Selbst wenn mit dem Beklagten von einer Entlohnung ausgegangen würde, ist deren Höhe und deren Zufluss nicht klar. So erscheint es z.B. wenig plausibel, dass der Kläger, der im August lediglich bis zur Monatsmitte tätig war, den Lohn erst im September bar erhalten haben soll.

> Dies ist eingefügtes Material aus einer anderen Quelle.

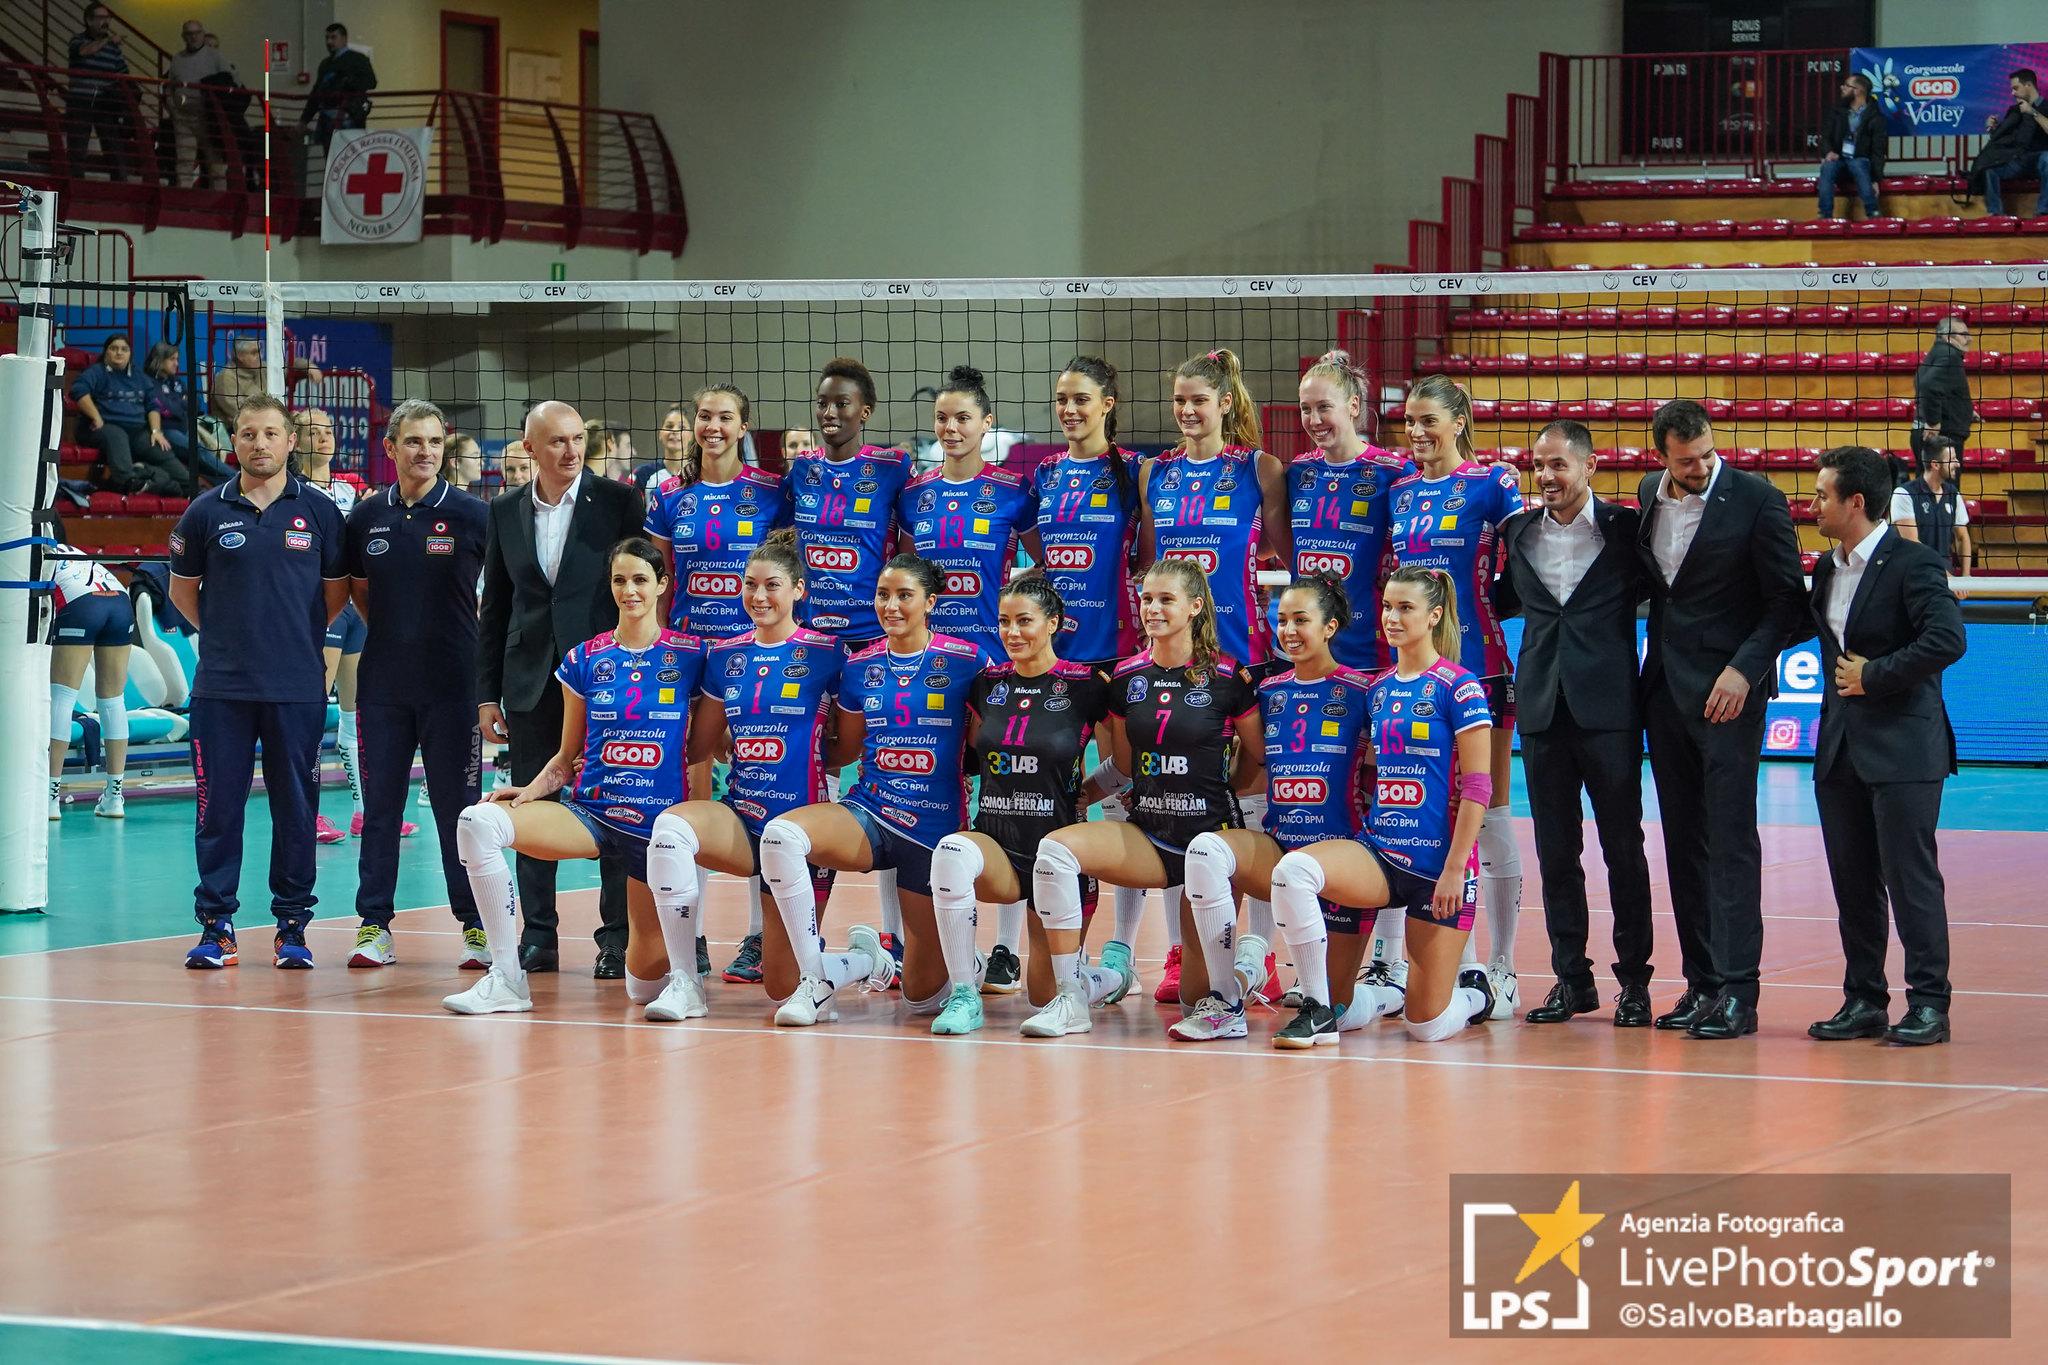 Igor Gorgonzola Novara vs Budowlani Lodz
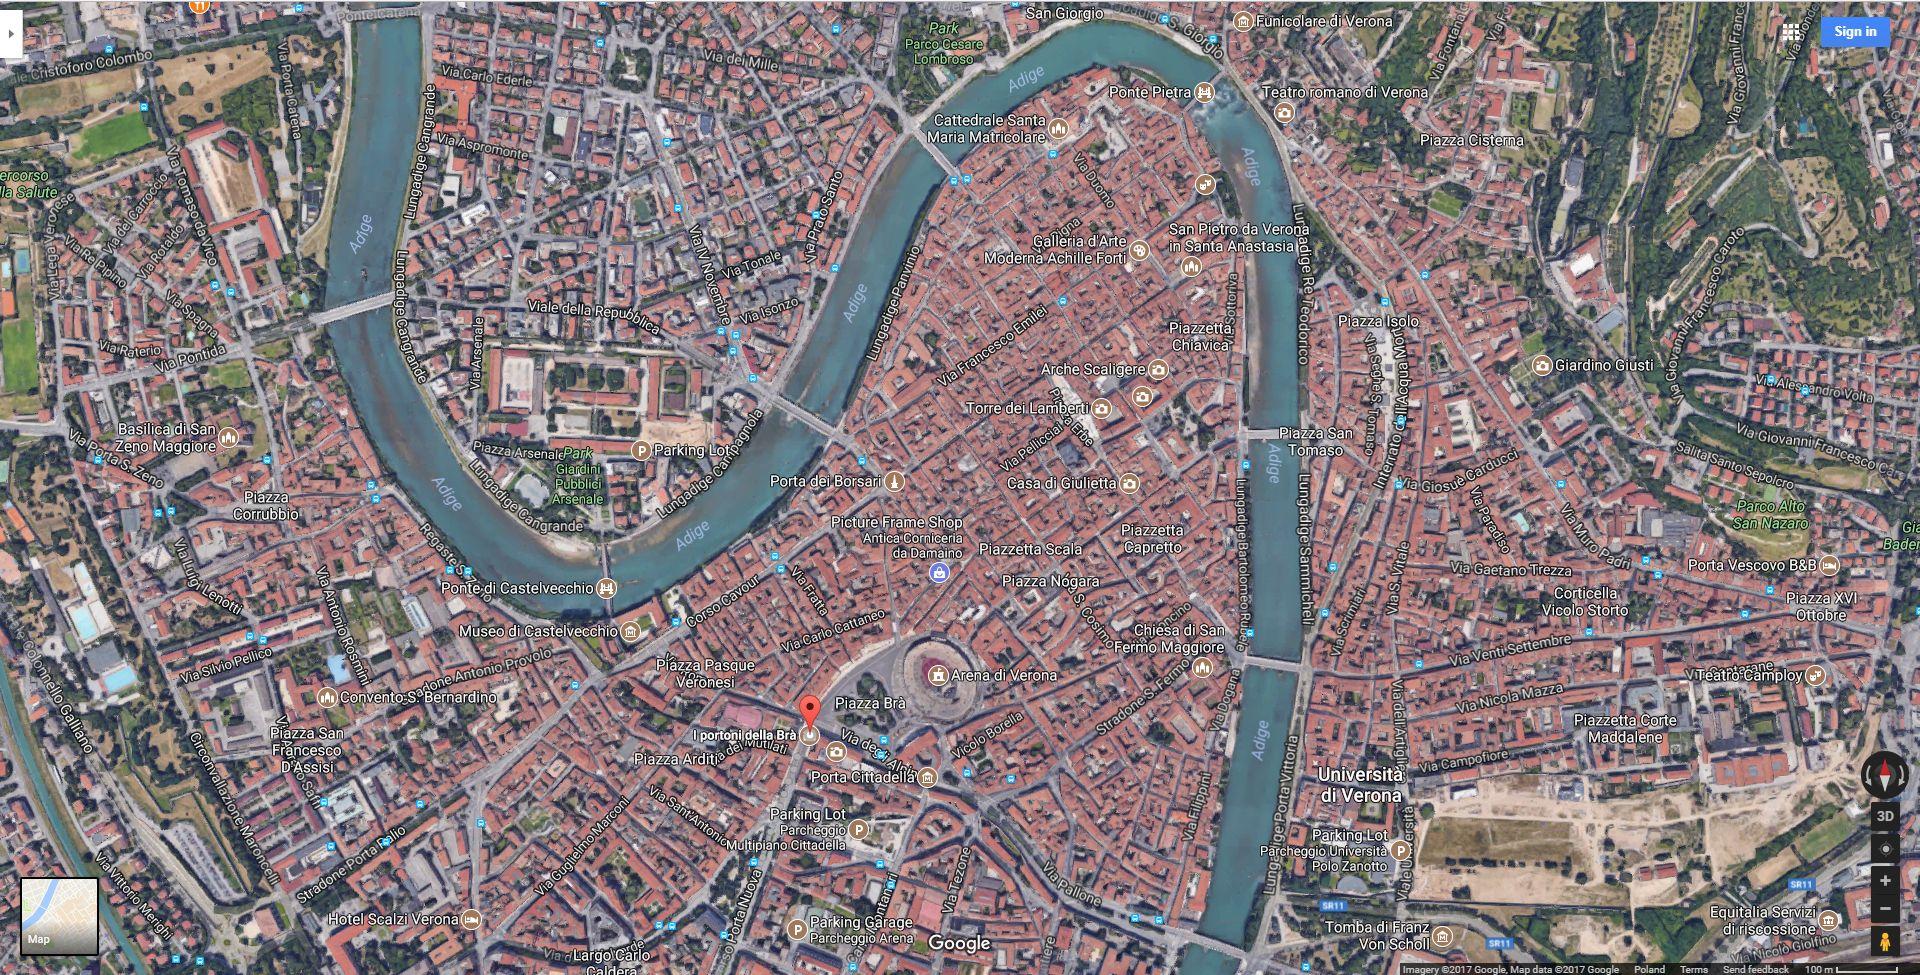 Antique city center of Verona

Da der Senat keine Überzeugung von der Wahrheit oder Unwahrheit einer streitigen und entscheidungserheblichen Tatsachenbehauptung (Lohnzahlung) gewinnen konnte ("non liquet"), greifen die Grundsätze der objektiven Beweislast (Feststellungslast) ein. Diese Grundsätze bestimmen, zu wessen Lasten diese Unaufklärbarkeit geht (vgl. BSG, a.a.O.). Die objektive Beweislast kennzeichnet mit anderen Worten das Risiko, wegen der Nichterweislichkeit rechtlich erheblicher Tatsachen im Prozess zu unterliegen. Welchen Beteiligten dieses Risiko trifft, ist grundsätzlich eine Frage des materiellen Rechts, weil sich die Beweislastverteilung nach dem Regelungsgefüge der jeweils maßgebenden Norm richtet (BSG, a.a.O. m.w.N.). Da der Beklagte sich auf das zugeflossene Einkommen beruft, geht die Nichterweislichkeit zu seinen Lasten.

Sind damit die Voraussetzungen für eine Rücknahme der Leistungsbewilligung nicht gegeben, ist zugleich auch die geforderte Erstattung rechtswidrig.

Die Kostenentscheidung beruht auf § 193 SGG.

Gründe für die Zulassung der Revision bestehen nicht.